Estimating Optimal Policy Value in General Linear Contextual Bandits
- URL: http://arxiv.org/abs/2302.09451v1
- Date: Sun, 19 Feb 2023 01:09:24 GMT
- Title: Estimating Optimal Policy Value in General Linear Contextual Bandits
- Authors: Jonathan N. Lee, Weihao Kong, Aldo Pacchiano, Vidya Muthukumar, Emma
Brunskill
- Abstract summary: In many bandit problems, the maximal reward achievable by a policy is often unknown in advance.
We consider the problem of estimating the optimal policy value in the sublinear data regime before the optimal policy is even learnable.
We present a more practical, computationally efficient algorithm that estimates a problem-dependent upper bound on $V*$.

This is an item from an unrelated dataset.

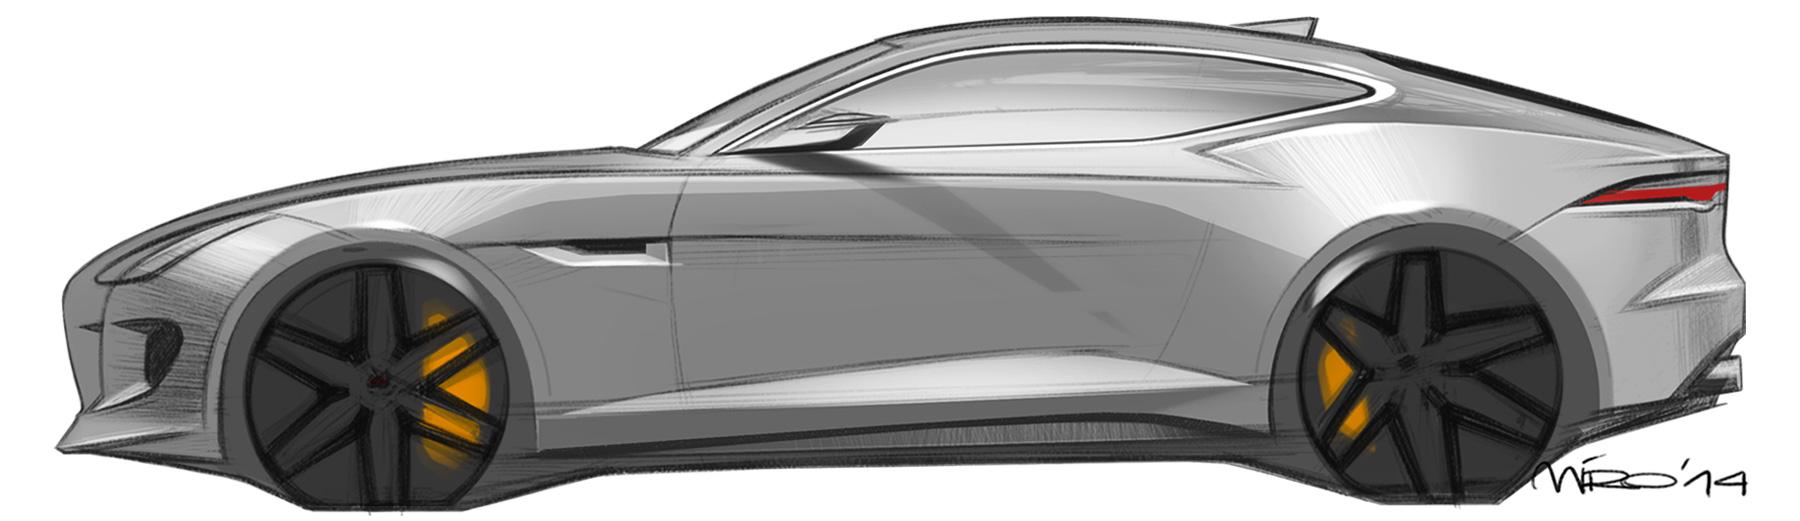 Jaguar F-Type Sketch by Miroslav Dimitrov

- Score: 50.008542459050155
- License: http://arxiv.org/licenses/nonexclusive-distrib/1.0/
- Abstract: In many bandit problems, the maximal reward achievable by a policy is often
unknown in advance. We consider the problem of estimating the optimal policy
value in the sublinear data regime before the optimal policy is even learnable.
We refer to this as $V^*$ estimation. It was recently shown that fast $V^*$
estimation is possible but only in disjoint linear bandits with Gaussian
covariates. Whether this is possible for more realistic context distributions
has remained an open and important question for tasks such as model selection.
In this paper, we first provide lower bounds showing that this general problem
is hard. However, under stronger assumptions, we give an algorithm and analysis
proving that $\widetilde{\mathcal{O}}(\sqrt{d})$ sublinear estimation of $V^*$
is indeed information-theoretically possible, where $d$ is the dimension. We
then present a more practical, computationally efficient algorithm that
estimates a problem-dependent upper bound on $V^*$ that holds for general
distributions and is tight when the context distribution is Gaussian. We prove
our algorithm requires only $\widetilde{\mathcal{O}}(\sqrt{d})$ samples to
estimate the upper bound. We use this upper bound and the estimator to obtain
novel and improved guarantees for several applications in bandit model
selection and testing for treatment effects.